Keratoconus is a progressive degenerative pathology of the cornea, which accounts for a large part of the eye’s total optical power.
Even today this pathology is largely unknown, resulting in progressive, incurable loss of sight even though methods exist to prevent its progression when detected in its early stages.
Keratoconus is bilateral and occurs most severely in young people. During the course of the pathology, the cornea gradually becomes more pronounced (curved), with an irregular deformation of the surface until it becomes cone-shaped due to the mechanical weakening of the corneal structure. This significantly impairs the patient’s sight, even to levels below 10% and corneal transplants may be the only solution to regain some of the sight lost. The pathology is often treated surgically with corneal ring implants or the cross-linking technique. The aim of such treatments is to improve the patient’s quality of life.
Current diagnosis of keratoconus is based on overt clinical signs. This means that the pathology can only be detected when it has a clinical manifestation; i.e. when the patient already has already lost a considerable amount of sight and the surface of the cornea is significantly deteriorated.
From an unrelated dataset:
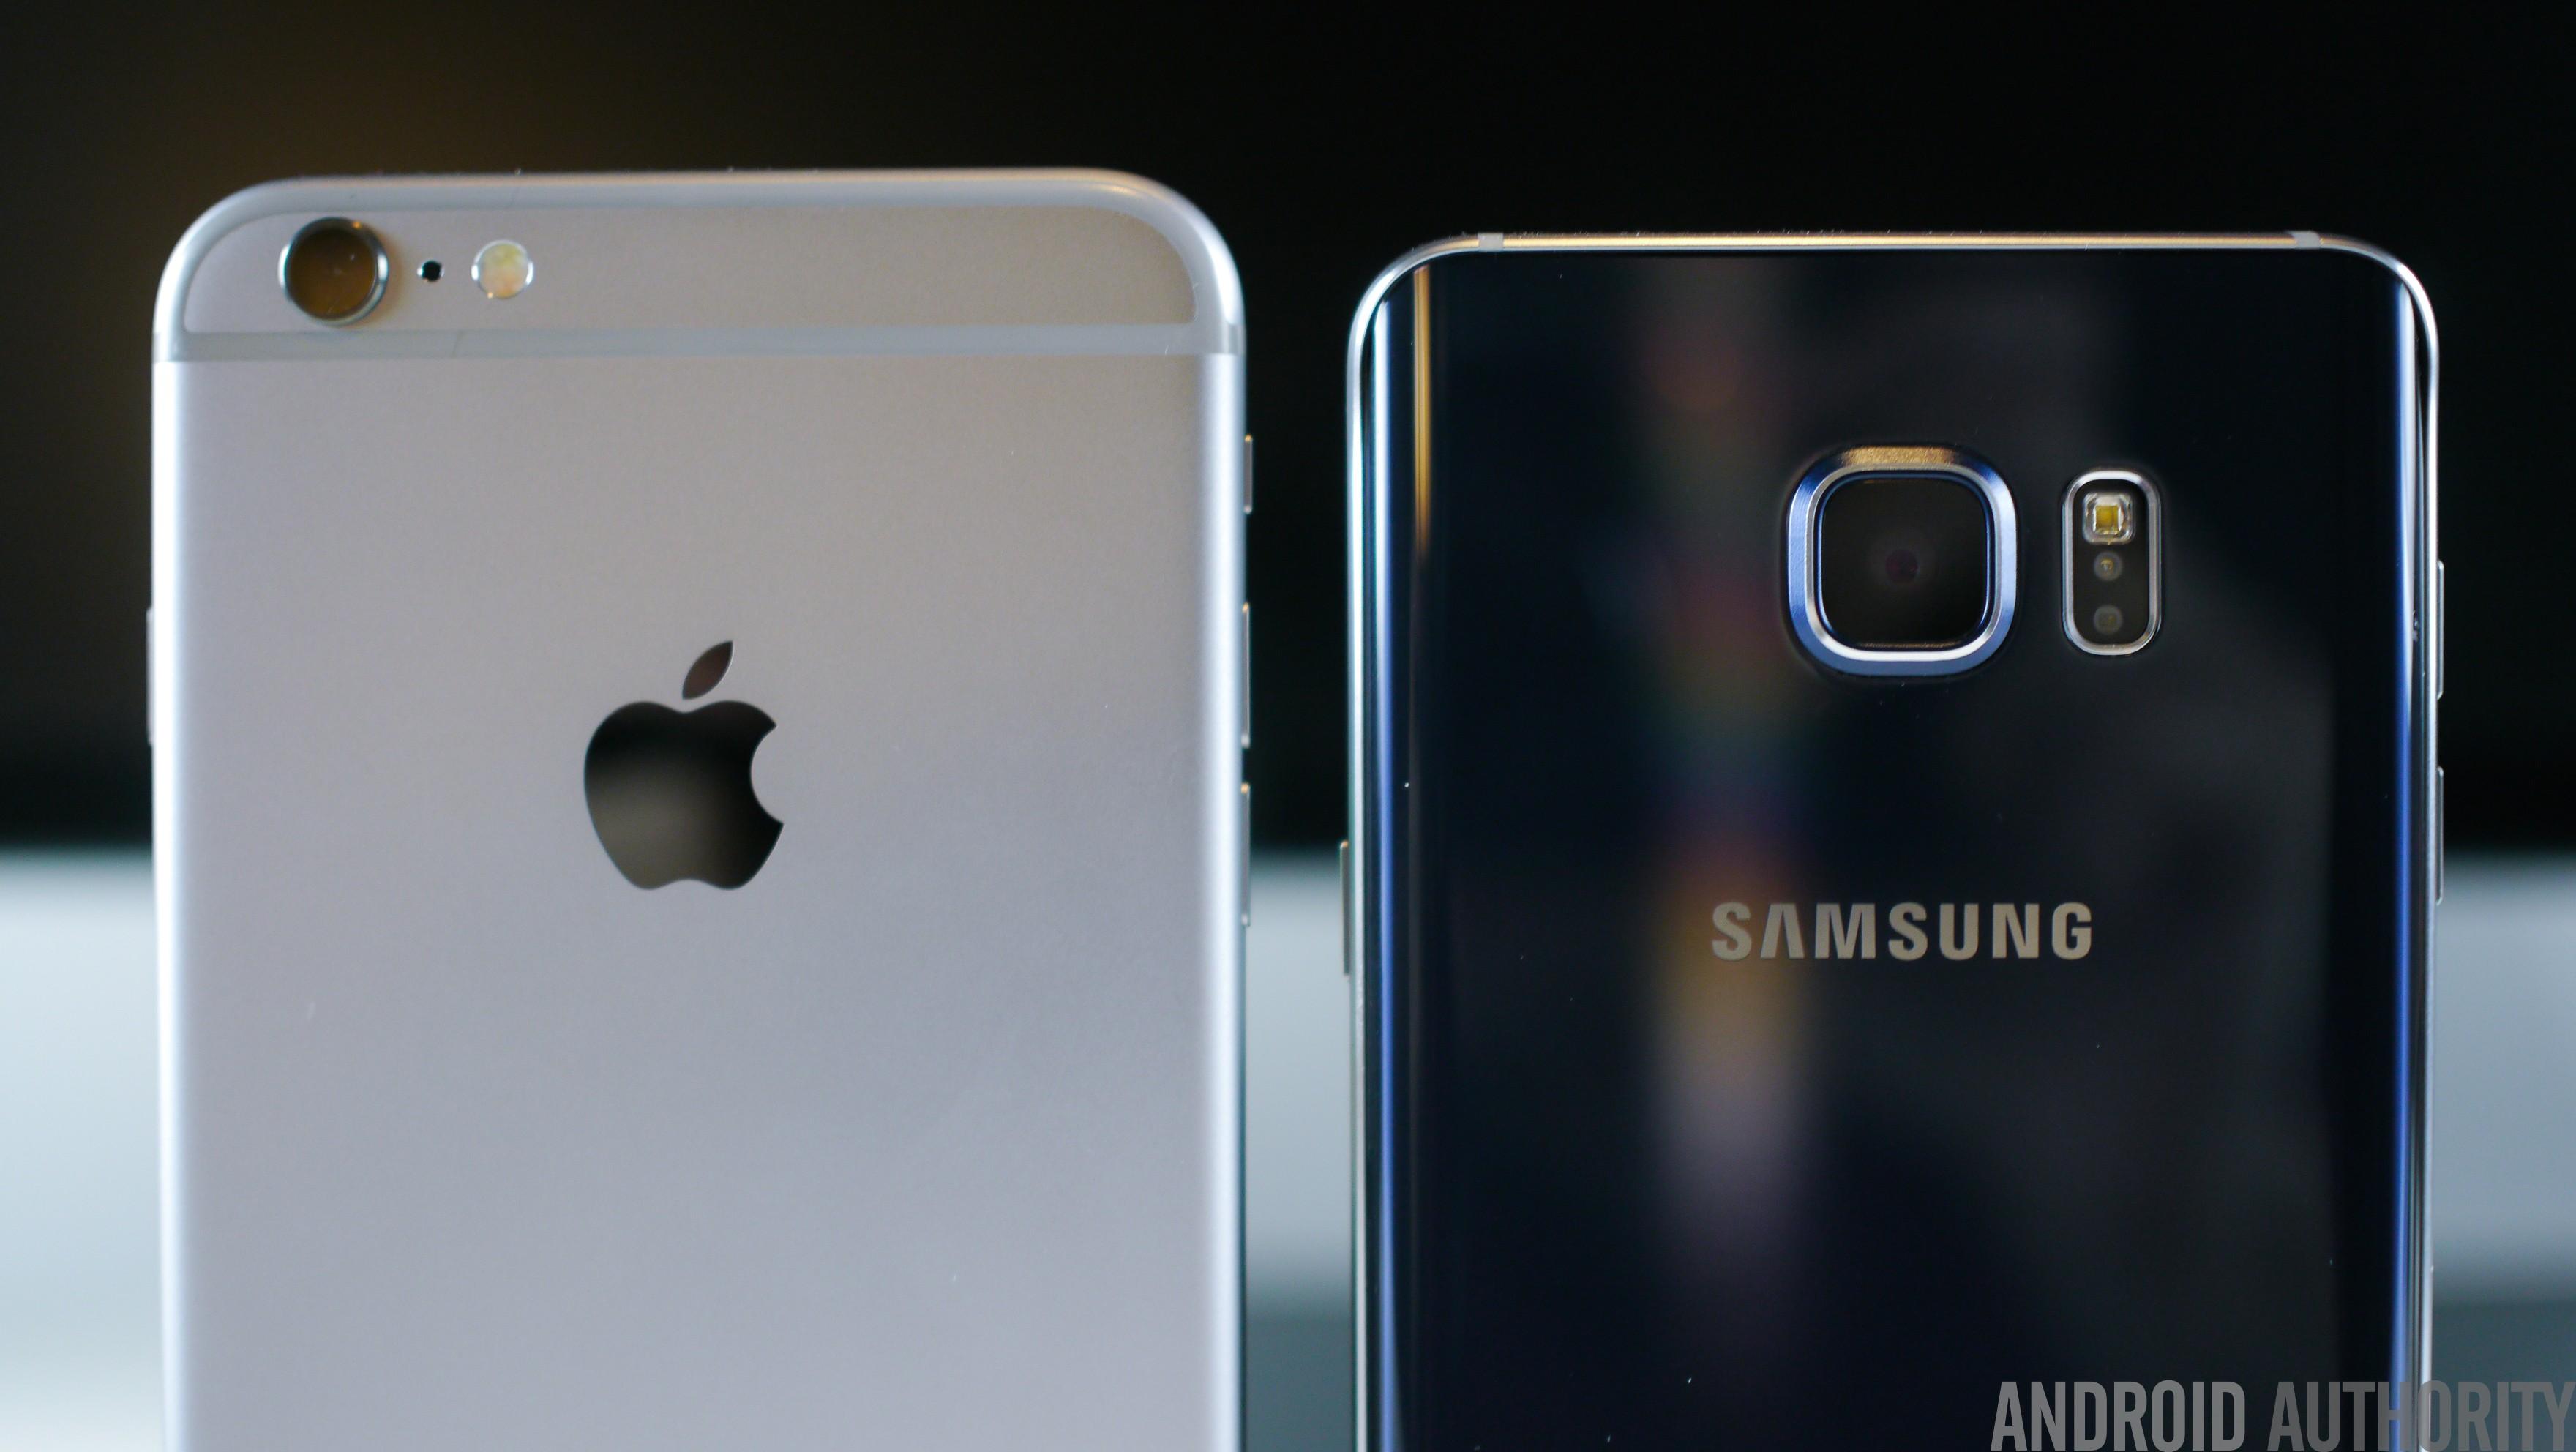 samsung-galaxy-note-5-vs-iphone-6s-plus-12

CORNEA_project holds the exclusive exploitation rights of the only known biomarkers that enable keratoconus to be detected early, even before the presence of clinical signs, with very high sensitivity and specificity rates.
These biomarkers, whose clinical utility is protected by a patent, are the only ones known to have a high degree of expression in patients even in cases far below what would be subclinical keratoconus, demonstrating sufficient sensitivity to diagnose keratoconus at the earliest stages, prior to the appearance of detectable clinical signs. This puts us well ahead of current diagnostic methods.
The correlation between the expression of these biomarkers and the onset, progression and severity of keratoconus makes them unique tools to diagnose and monitor the pathology and prevent problems associated with refractive surgery, such as post-LASIK ectasia.
To develop the first clinical test based on scientific evidence for the early diagnosis of keratoconus.
Fast, efficient and carried out on site.
The only test capable of reducing the risk of post-LASIK ectasia due to keratoconus not being detected prior to surgery.